Querying pages in the Special namespace in the webrequest dataset is facilitated by the x_analytics_map
field having the key special
set to the canonical English name of the special page. For example, a request to Especial:Crear una cuenta on Spanish Wikipedia will have x_analytics_map["special"]
set to "CreateAccount"
. Below is an example Presto query demonstrating this:
SELECT date(from_iso8601_timestamp(dt)) AS log_date, access_method, agent_type, count(1) AS num_page_views FROM wmf.webrequest WHERE webrequest_source = 'text' -- as opposed to 'upload' AND year = 2022 AND month = 5 AND day = 3 AND normalized_host.project_family = 'wikipedia' AND normalized_host.project = 'es' AND element_at(x_analytics_map, 'special') = 'CreateAccount' AND http_status IN ('200', '304') -- 'success' used in Pageview Definition AND content_type LIKE '%text/html%' -- also defines a "pageview" GROUP BY date(from_iso8601_timestamp(dt)), access_method, agent_type
Stubs and Spikes
[edit]It can be very difficult to choose a measure of central tendency for analyses of content on the wikis. The content of some wikis is dominated by stub articles creating a long-tail that will greatly skew metrics about pageviews per article, average number of sections, etc. towards zero. When these stub articles are predominantly created by bots and receive relatively few pageviews, it is hard to argue that they are representative of the wiki. Conversely, some wikis have articles that receive a massive amount of attention or edits or are extremely long, biasing metrics to much higher values than are typical for that wiki.

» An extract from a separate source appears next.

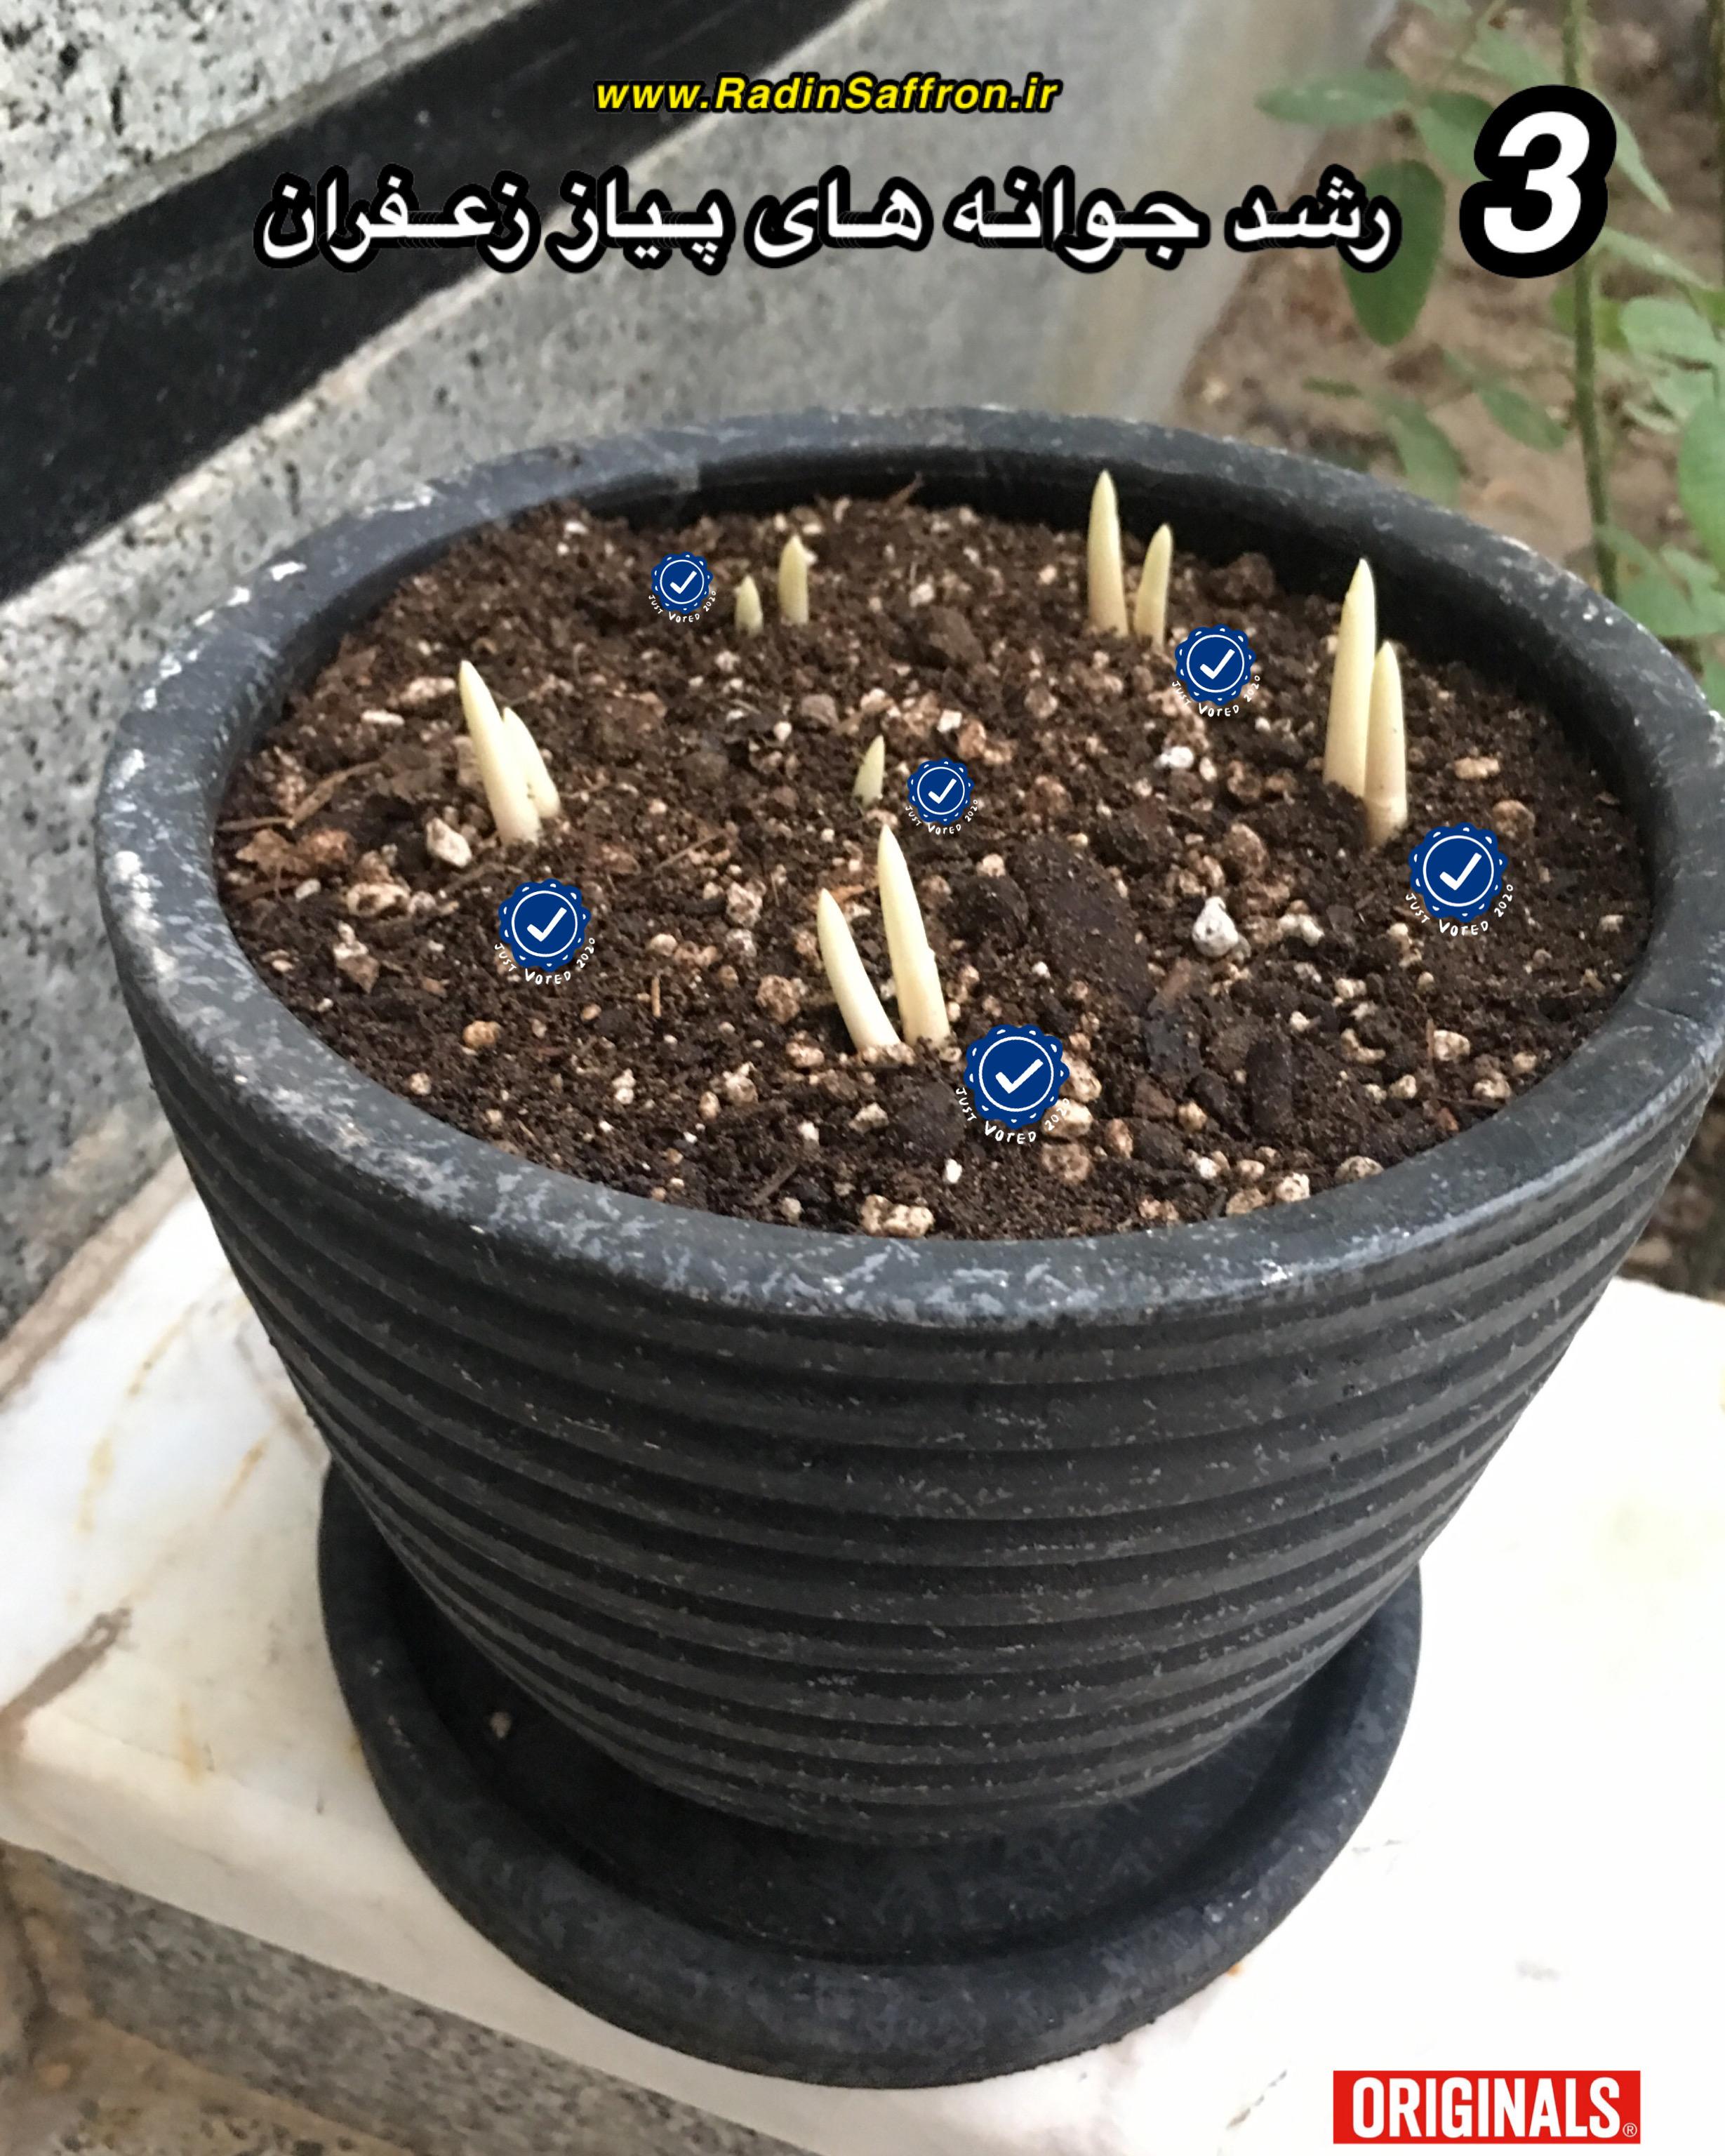 آموزش آبیاری زعفران در گلدان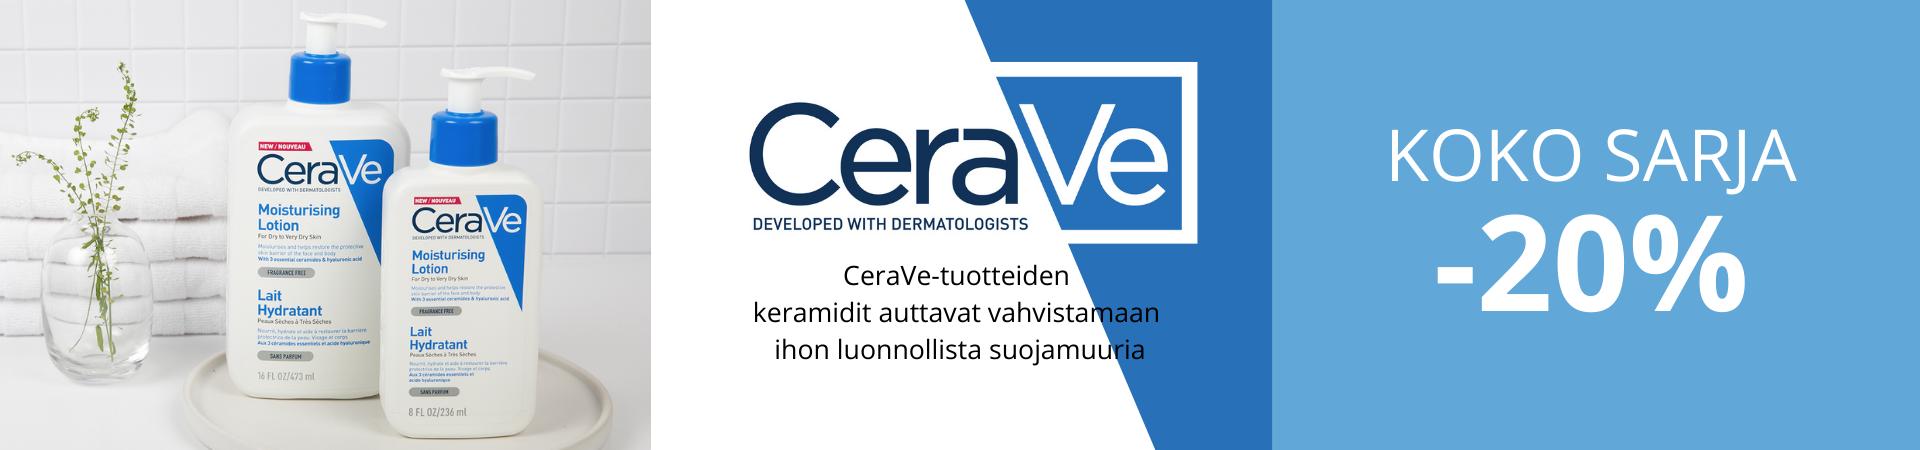 CeraVe -20%

Likely, the most appropriate metrics are going to be some sort of truncated mean. The spikes are easier -- even just removing the topmost 1% of data should greatly diminish power-law dynamics while retaining most of the data. The stubs are much harder and the right threshold for removing them is likely wiki-dependent. For example, wikis with large numbers of bot-generated articles might need the bottommost 90% of content to be thrown out to get to a more representative measure while others shouldn't throw out any content as it's all human-generated. This challenge suggests that rather than identifying a percentage of content to remove, it would be better to split articles on wikis into three categories and report metrics individually for each (categories should be calculated exclusively and spikes calculated first):
- Spikes: content created by either bots or humans in the top 1% for a metric -- e.g., edits or pageviews. This is clearly important content but it is not expected that most articles will ever become this popular.
- Bot-generated: articles that were generated by bots (many of which are likely stubs though some may have grown organically)
- Standard human-generated: the bread-and-butter of the wikis. An article created by a user or anonymous editor that receives some normal amount of attention.
Below is related data on what proportion of each wiki are articles with only 0 or 1 sections (a proxy for stubs) and what percentage of articles don't receive pageviews on any given day (a complementary proxy for stubs). Eventually, it would be good to have data on bot-generated articles but that is a more complicated analysis.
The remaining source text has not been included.